Further evidence supporting the findings for wind here come from a Statistics Netherlands (2011) study that estimates the value of the Dutch wind electricity asset using an RVM approach. Market and social asset values are estimated using a nominal discount rate of 6 percent. The authors find that the market value of the Dutch wind electricity asset is negative in every year from 1990 to 2010. Its social value, in contrast, is consistently positive after 2004. They estimate it to be worth more than 5 billion euros in 2010. Although this study does not consider the Netherlands, these results are largely consistent with the findings here for other European countries: little or no market value associated with wind electricity assets in any year, but positive asset values on the order of US$10 billion to US$100 billion (depending on the country) emerging consistently in the 2000s.
Although the results here are broadly borne out by those elsewhere, improvements could be made to the methodology that would provide greater confidence that no potential positive values for solar and wind electricity assets have been missed. These improvements relate mainly to the validity of RVM, treatment of subsidies, and depreciation and cost profiles and are discussed in the underlying technical paper (Smith et al. 2021).
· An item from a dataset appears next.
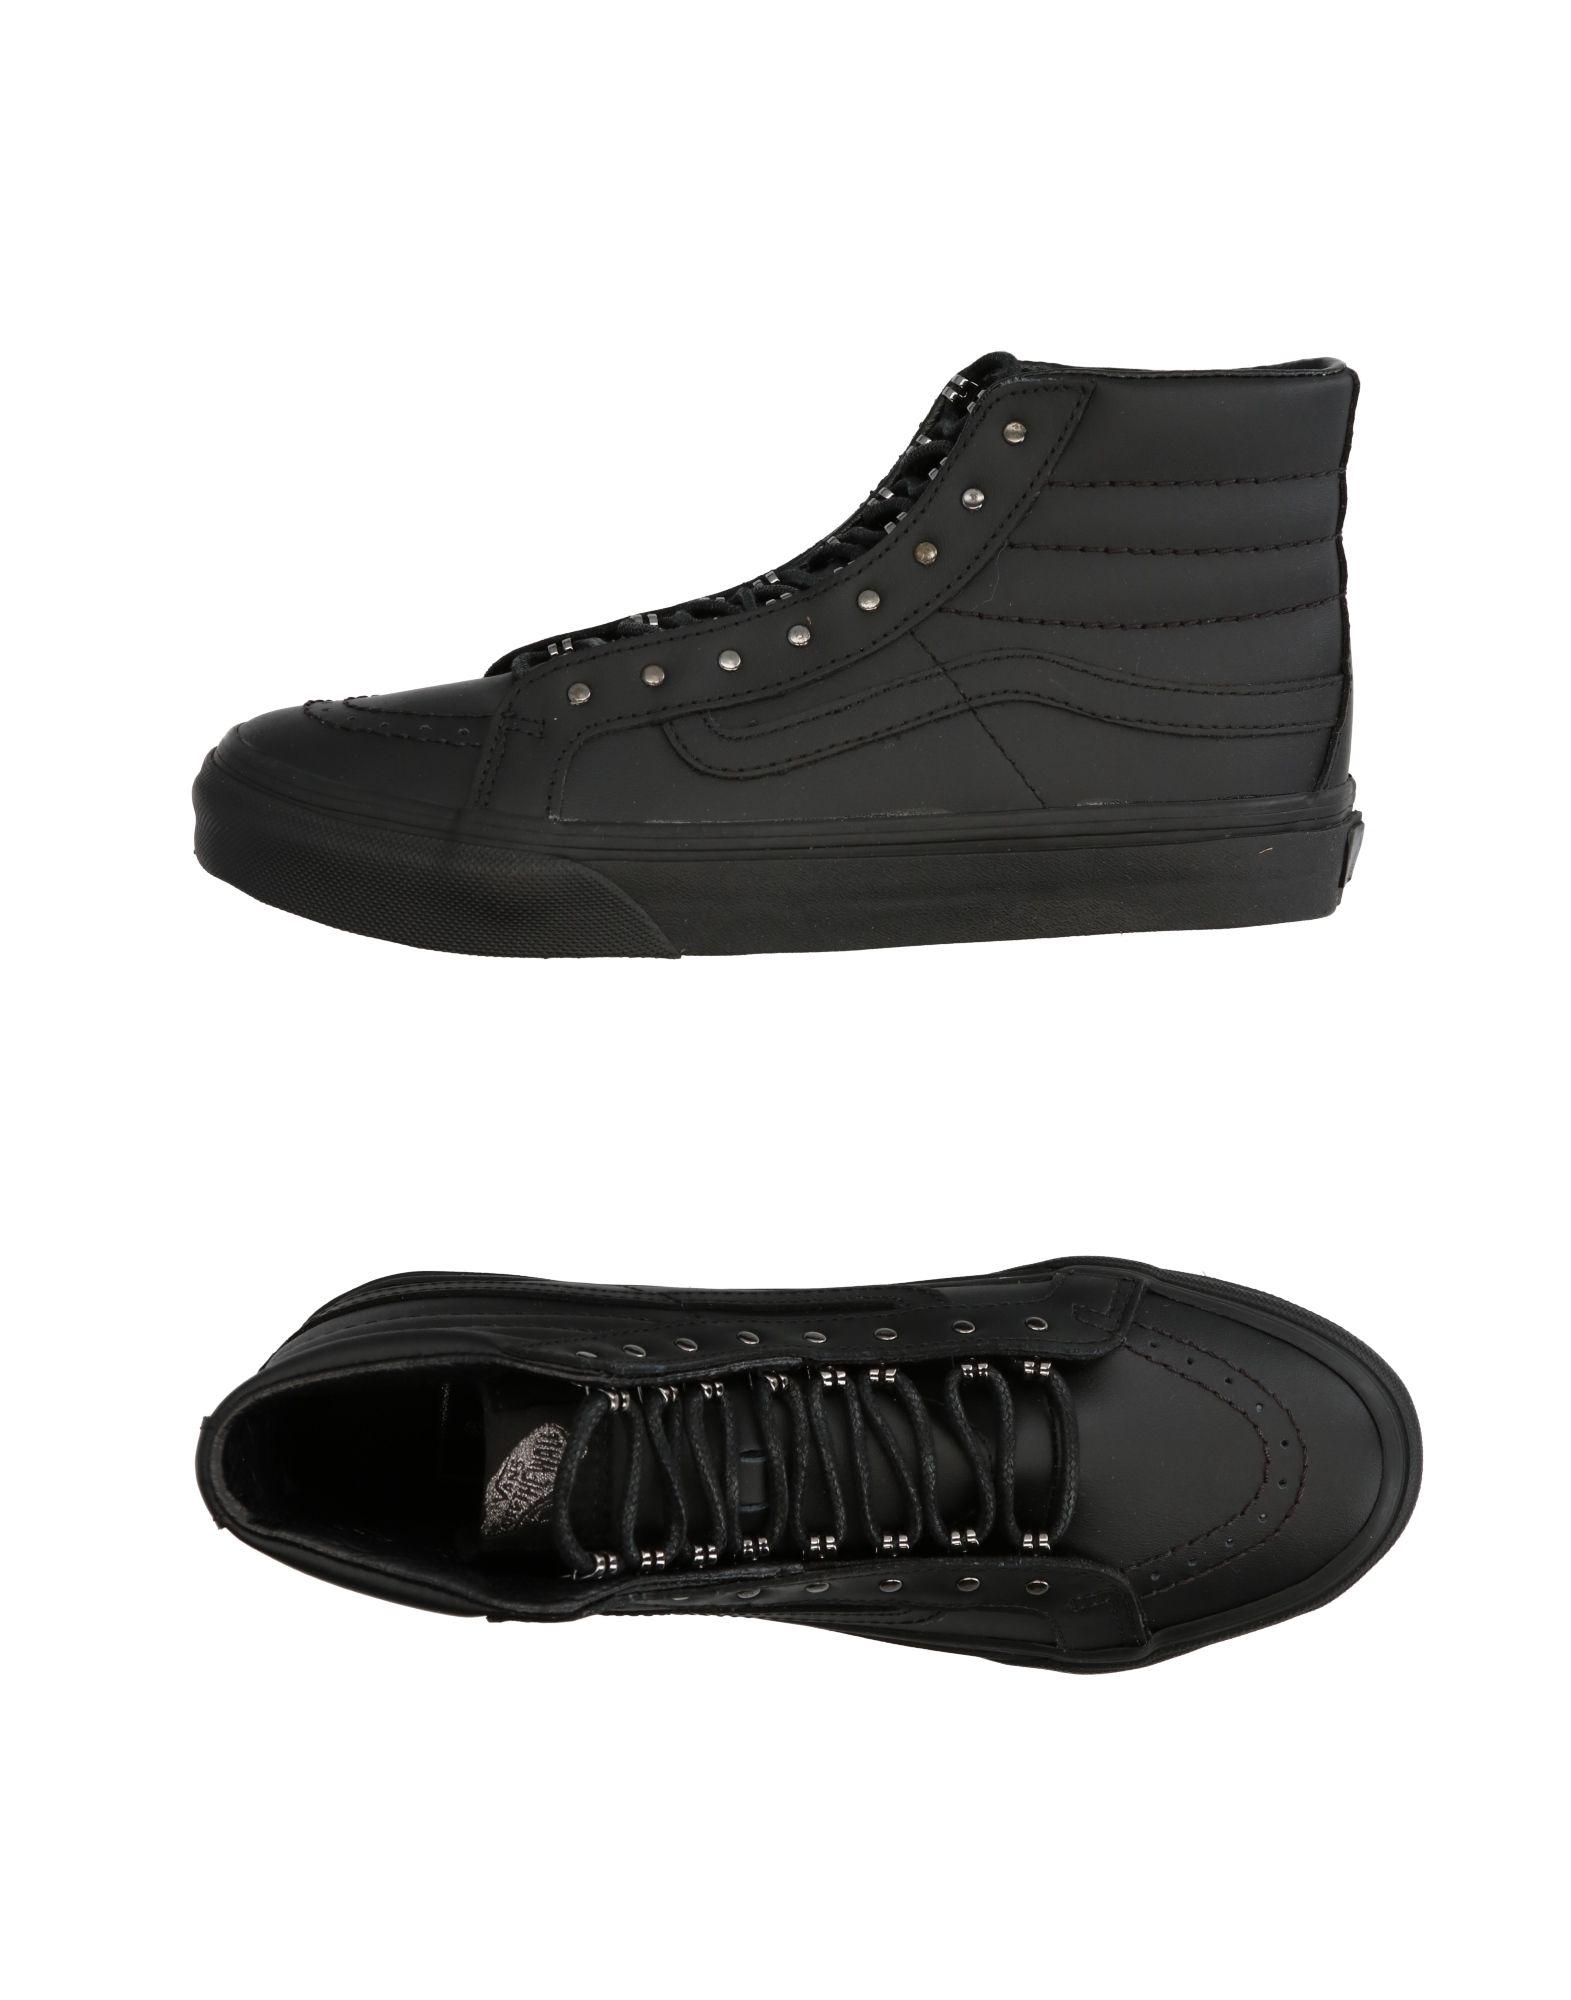 Vans Sneakers Damen Gutes Preis-Leistungs-Verhältnis, Preis-Leistungs-Verhältnis, Preis-Leistungs-Verhältnis, es lohnt sich 11a2c1

Future values of renewable energy assets will depend on the policy framework under which they will operate. Wealth analysis helps distinguish policies that are successful in increasing clean energy generation from those that also create wealth to society and hence are sustainable in the longer term. Renewable energy subsidies have proven to reduce sharply the cost of clean energy generation and facilitate their scaling-up. As renewables such as onshore wind and solar PV are coming of age, however, going forward, power production subsidies can make renewable electricity profitable, but they do not create sustainable assets for nations (this argument holds for capex or price subsidies of power plants and not for upstream research and development subsidies). Competitive electricity markets with carbon pricing can make clean energy not only profitable but also wealth-creating without subsidies and even before counting local external environmental benefits. One of the main obstacles to sustainable value creation by renewable electricity is noneconomic dispatch of power plants in most developing countries, whereby power plants (including thermal) are built under long-term power purchase agreements that give them contractual rights (or political privilege in case of state-owned plants) to minimum operating hours and/or minimum offtake prices.